The U.S. Cybersecurity and Infrastructure Security Agency (CISA) adds a flaw in Ivanti Endpoint Manager Mobile (EPMM) to its Known Exploited Vulnerabilities catalog

The U.S. Cybersecurity and Infrastructure Security Agency (CISA) added a flaw in the Ivanti Endpoint Manager Mobile (EPMM), tracked as CVE-2026-6973 (CVSS score of 7.1), to its Known Exploited Vulnerabilities (KEV) catalog.

Ivanti warns customers of a high‑severity zero‑day vulnerability, tracked as CVE‑2026‑6973, in Endpoint Manager Mobile that is already being exploited.

“At the time of disclosure, we are aware of very limited exploitation of CVE-2026-6973, which requires admin authentication for successful exploitation.” reads the advisory. “We are not aware of any customers being exploited by the other vulnerabilities disclosed today.”

The flaw, caused by improper input validation, allows attackers with admin privileges to execute arbitrary code on systems running EPMM 12.8.0.0 and earlier. Customers are urged to patch immediately to prevent compromise.

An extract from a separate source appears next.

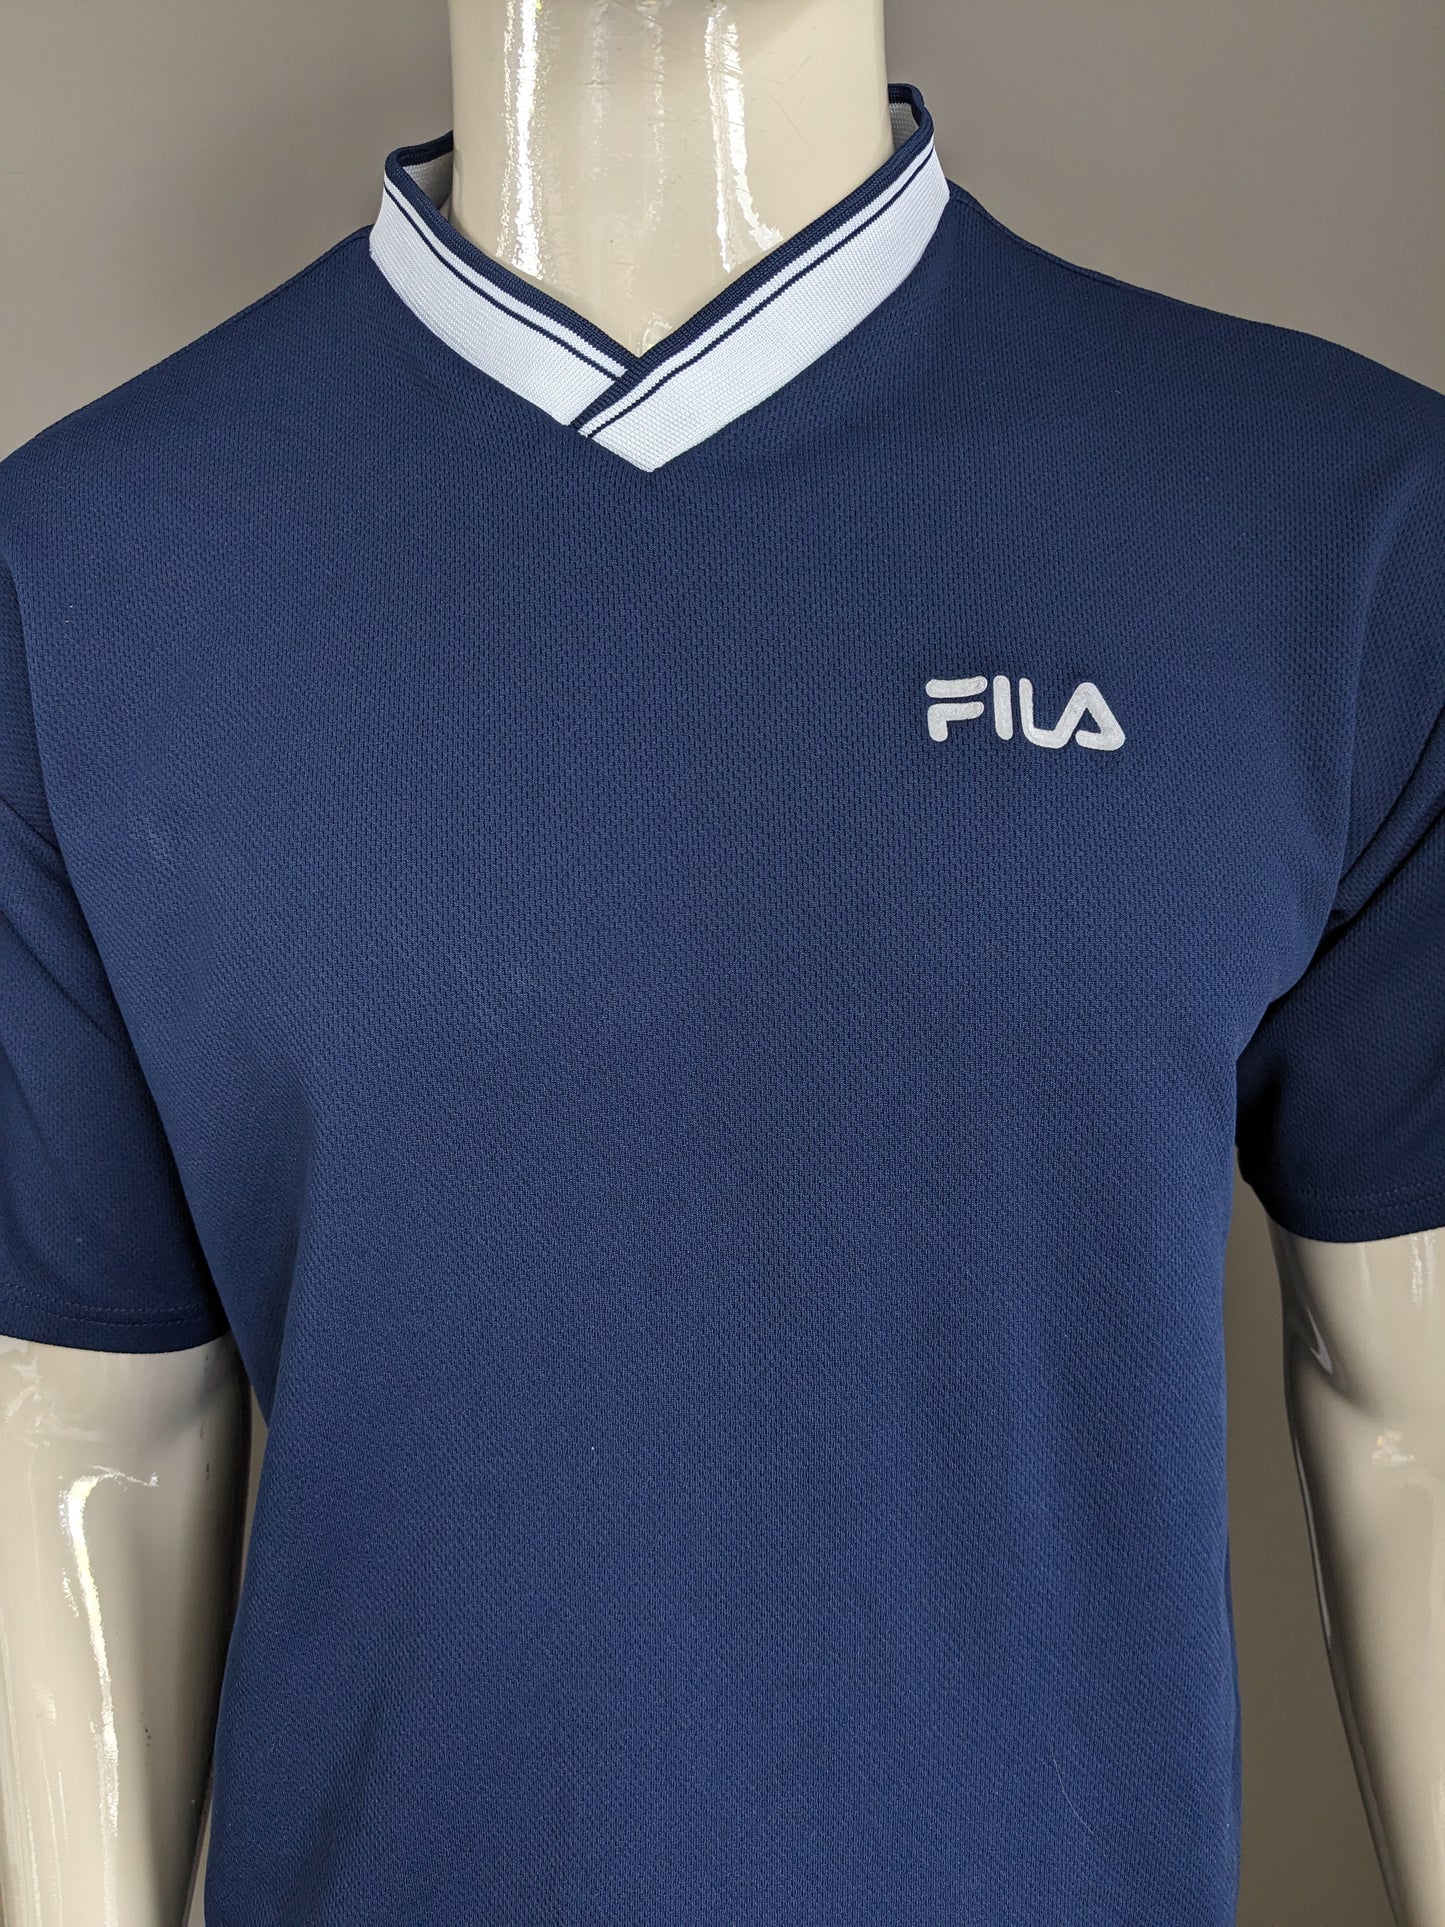 Vintage Fila shirt with V-neck. Dark blue colored. Size L.

Ivanti EPMM 12.6.1.1, 12.7.0.1, and 12.8.0.1 address the vulnerability. The vulnerability doesn’t affect Ivanti Neurons for MDM, Ivanti’s cloud-based unified endpoint management solution, Ivanti EPM (a similarly named, but different product), Ivanti Sentry, or any other Ivanti products.

According to Binding Operational Directive (BOD) 22-01: Reducing the Significant Risk of Known Exploited Vulnerabilities, FCEB agencies have to address the identified vulnerabilities by the due date to protect their networks against attacks exploiting the flaws in the catalog.

Experts also recommend that private organizations review the Catalog and address the vulnerabilities in their infrastructure.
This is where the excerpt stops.